Our Gite was ready and we headed to meet the owner, a very nice person who speaks no English.
Tip: the new Google Translate App is great in this situation.

This house is very comfortable and if you have kids, they will love the pool but there is also a little garden where you can enjoy your breakfast or afternoon wine. Unfortunately, it was too chilly for us and we couldn’t utilize this wonderful feature. AND having a parking spot in St. Remy I imagine is necessary during the high season. You can walk to town but I won’t lie, it’s not a pretty walk there.

TORRENTIAL rain and we headed to Da Peppe for dinner and my kids were so happy to have lasagna and pizza. My husband and I shared a pie and a salad. Totally fine. The desserts looked obscenely big and since my son is a diabetic we discouraged ordering what appeared to be a barrel of ice cream that could be shared by a family of 6.

Teen Opinion: It was heavy but I liked it a lot. Massive portions and very fresh and good.

Day 8
Started this beautiful sunny day at Glanum right down the street from our place. Although primarily Roman ruins, its first inhabitants were Celto‐Ligurians who arrived here in the seventh or sixth century BCE. Next, the Greeks came and finally the Romans conquered.

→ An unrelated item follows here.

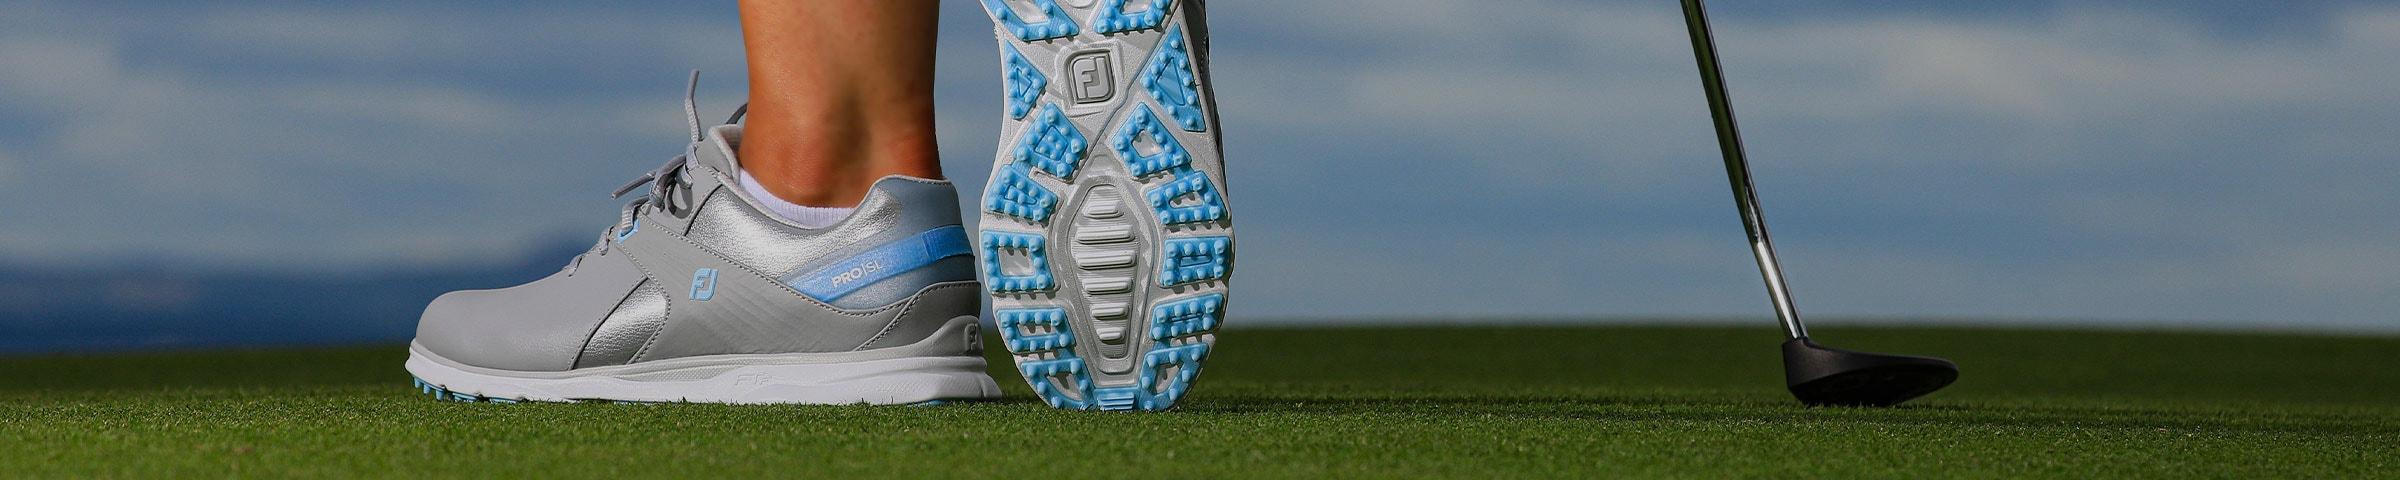 FootJoy Womens Spikeless Golf Shoes
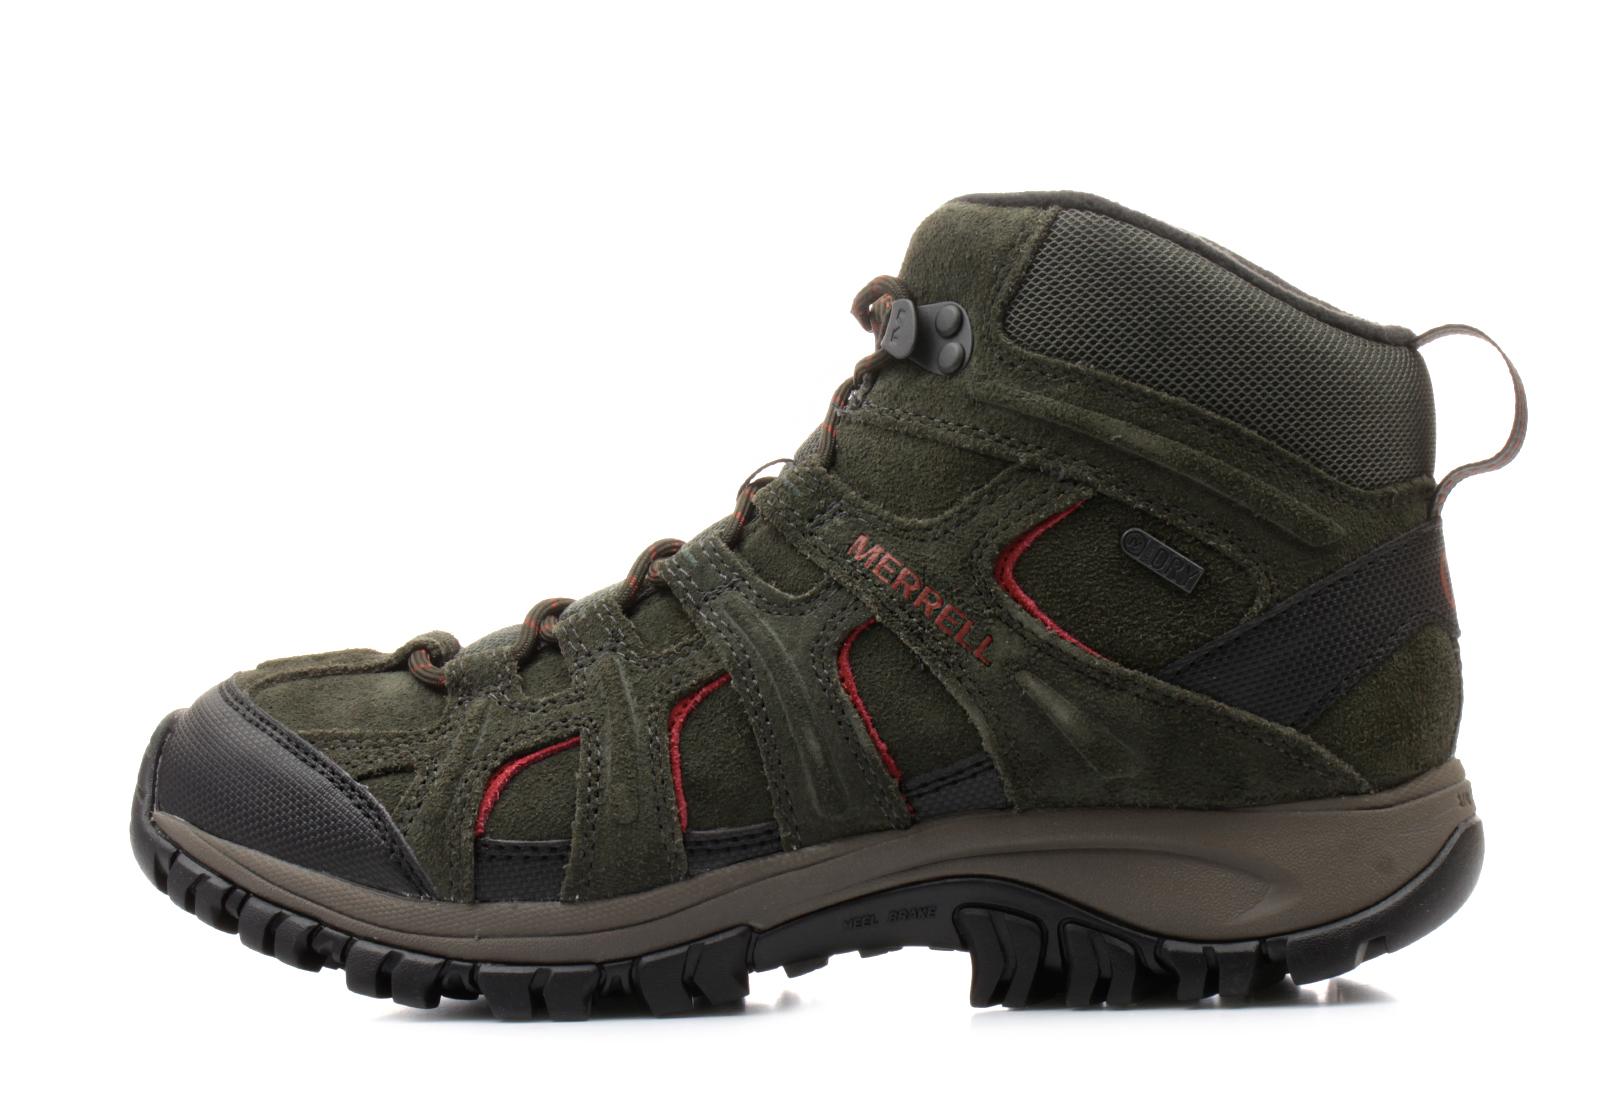 b5dd6ba907 Merrell Bakancs - Phoenix 2 Mid Thermo - J09603-gry - Office Shoes ...

Across the street, are the “Les Antiques” (a mausoleum and triumphal arch—the oldest in Gaul--which linked Glanum to the main Roman thoroughfare which connected southern France to Italy. We enjoyed the laid back experience of walking around the ruins and I thought the audio guide was pretty good (the Celto-Liguarians were fierce warriors and often kept the heads of their victims in oil to show to visiting friends and family). Overall pretty well preserved.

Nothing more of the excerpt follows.